■ **Exercise goal**: Before copying, set the pictures aside; then repeat every line below verbatim.

■ **Dataset excerpt**:
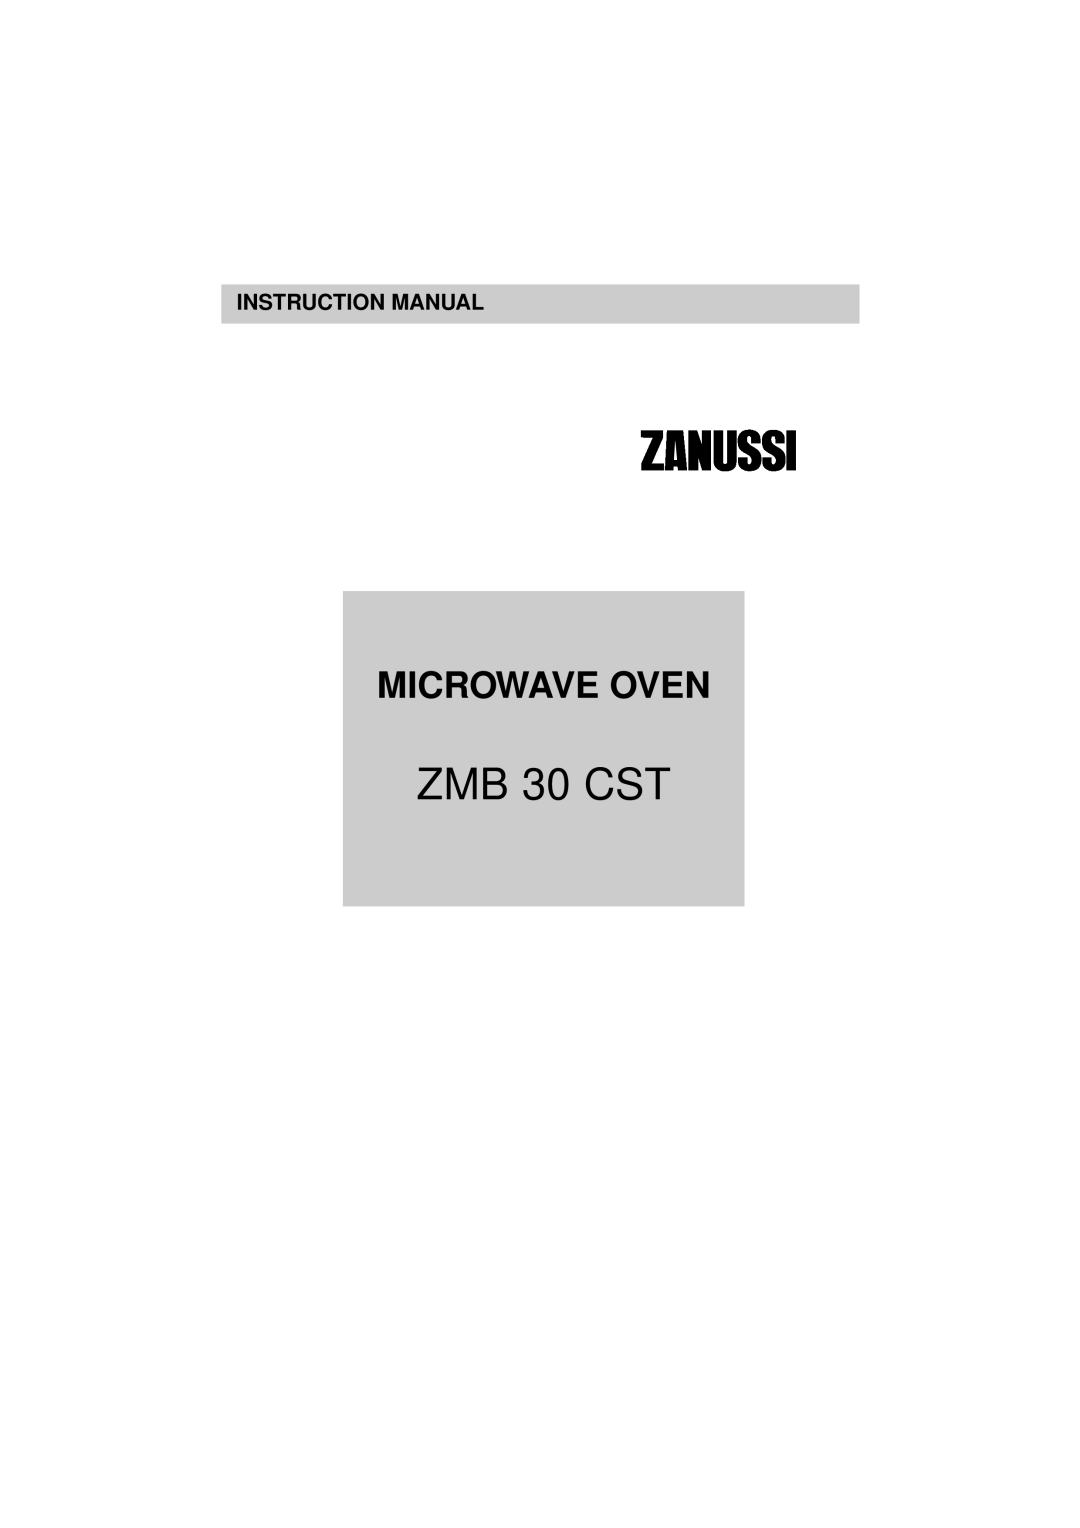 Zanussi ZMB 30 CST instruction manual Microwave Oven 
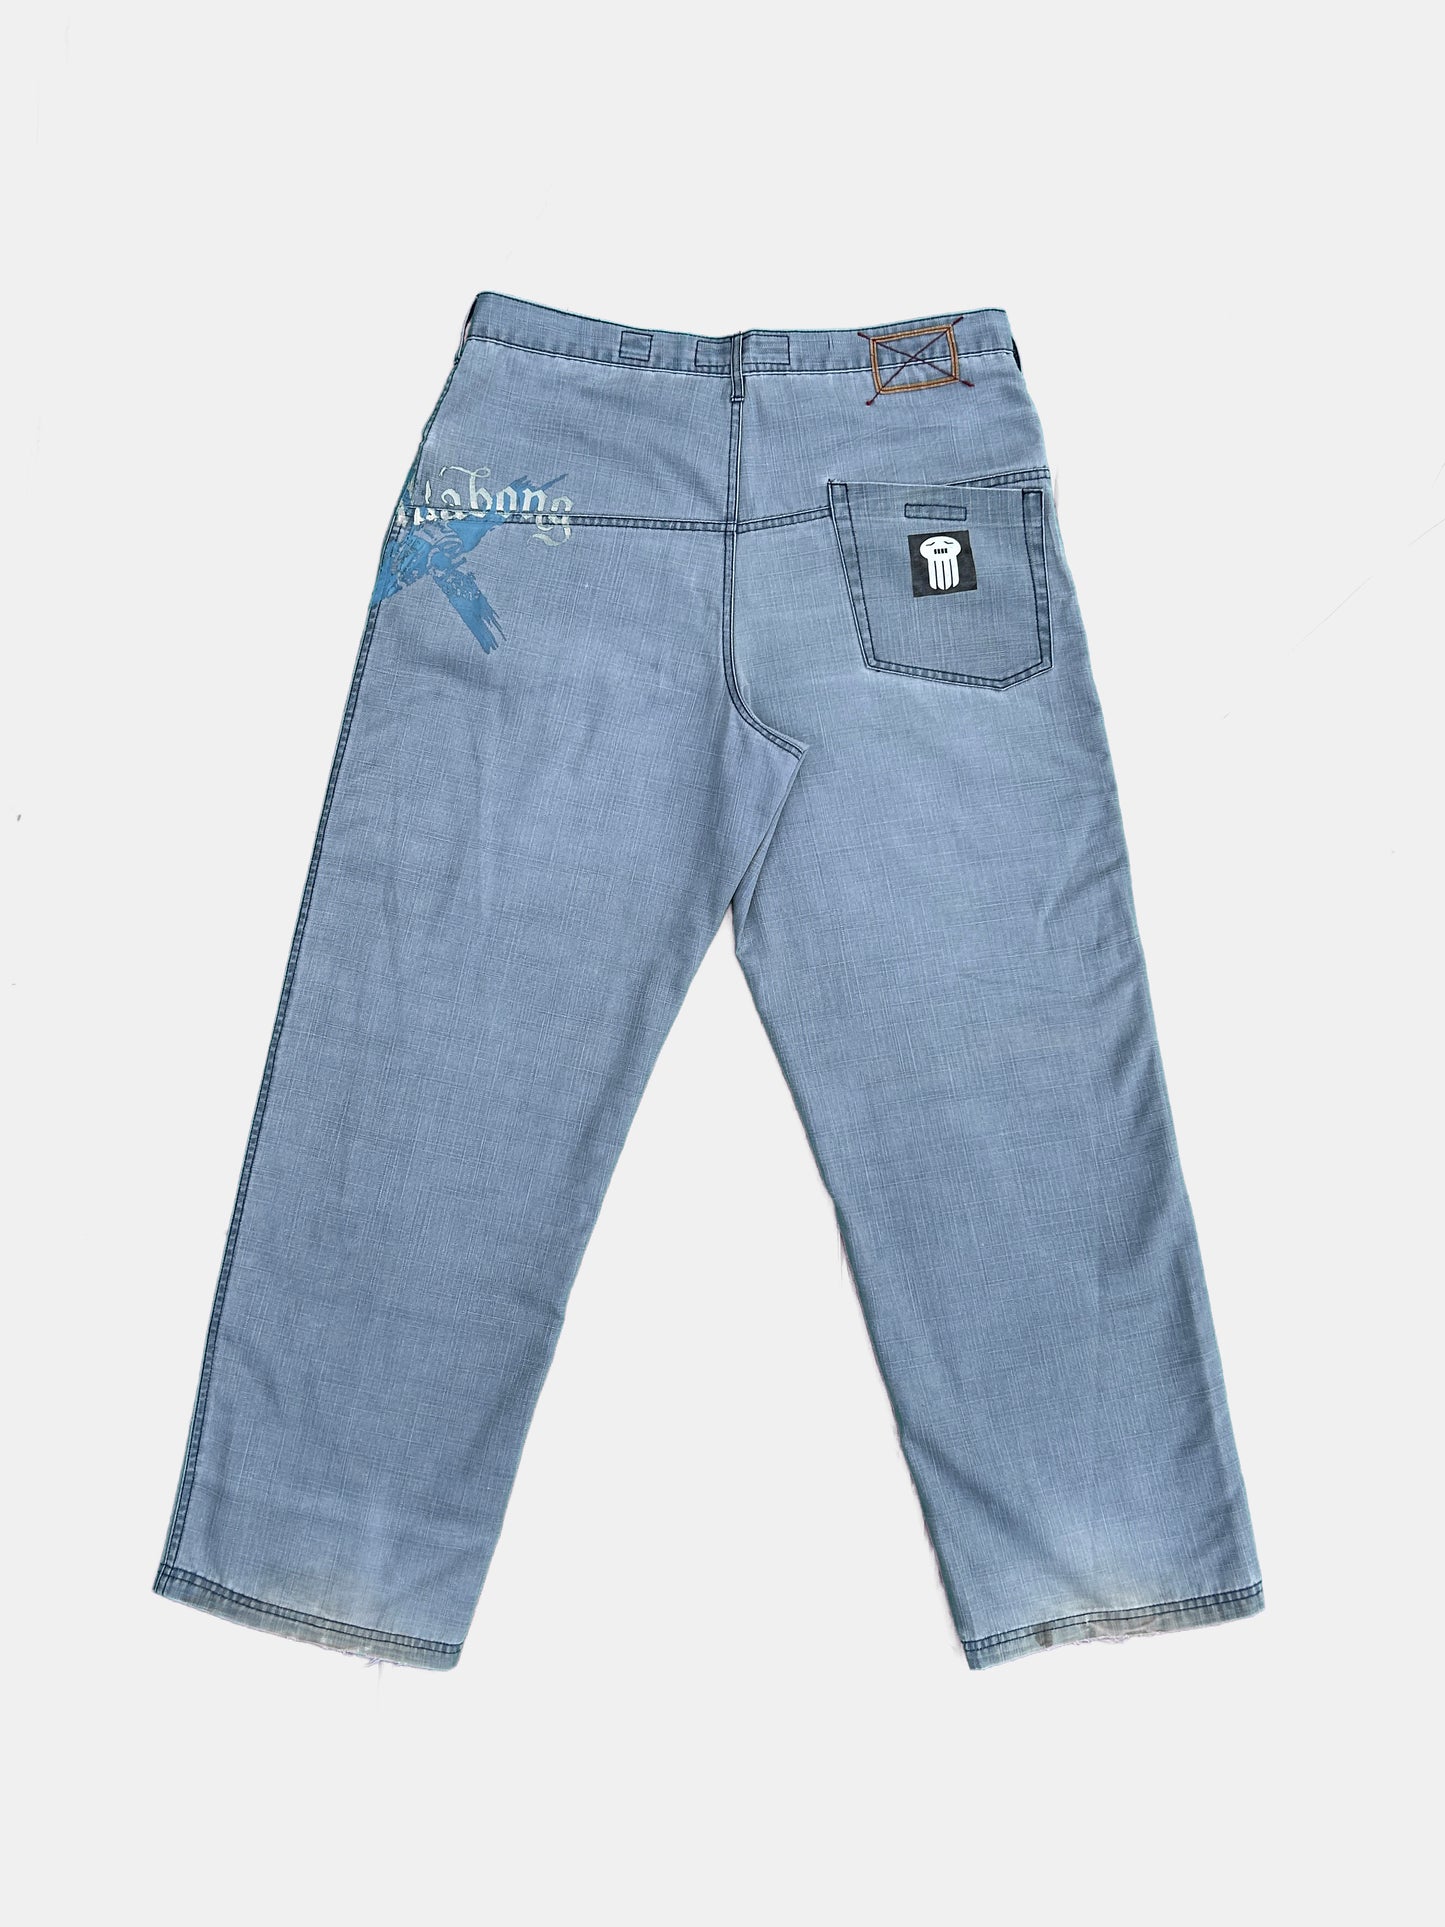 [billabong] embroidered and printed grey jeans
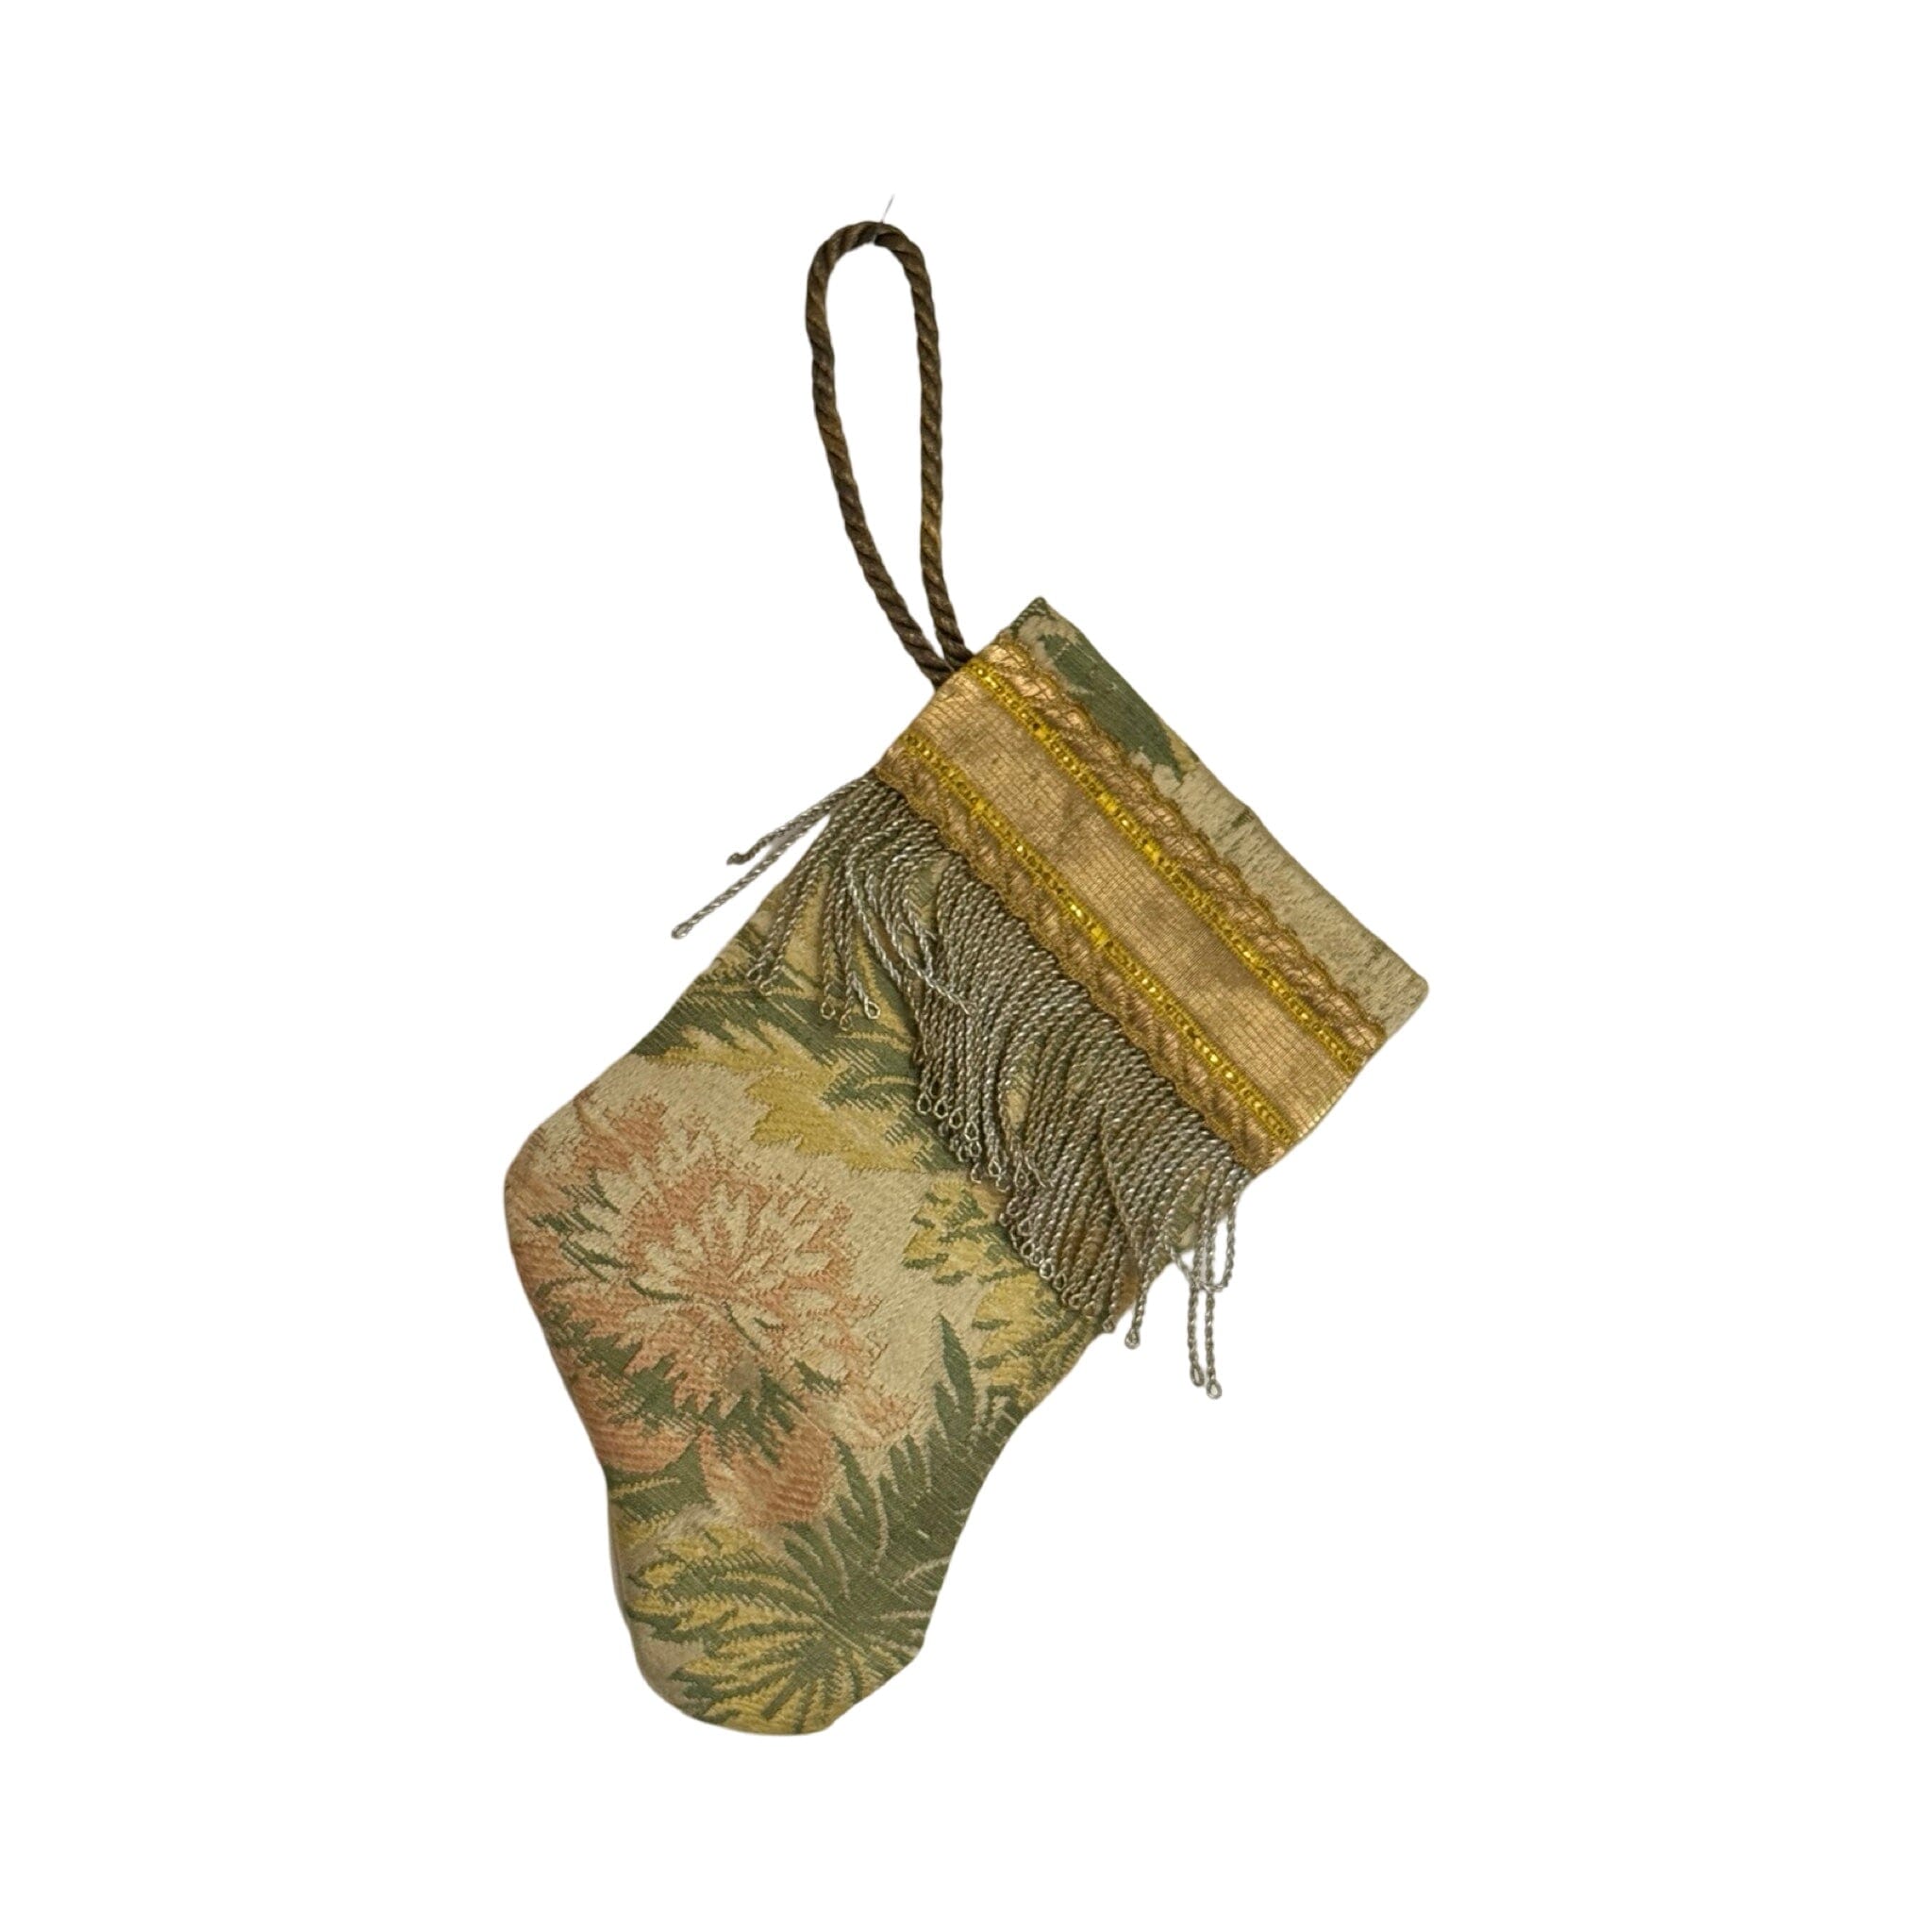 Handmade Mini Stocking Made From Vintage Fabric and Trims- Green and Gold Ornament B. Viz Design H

■ **Exercise output**:
 Zanussi ZMB 30 CST instruction manual Microwave Oven 
 [billabong] embroidered and printed grey jeans
 Handmade Mini Stocking Made From Vintage Fabric and Trims- Green and Gold Ornament B. Viz Design H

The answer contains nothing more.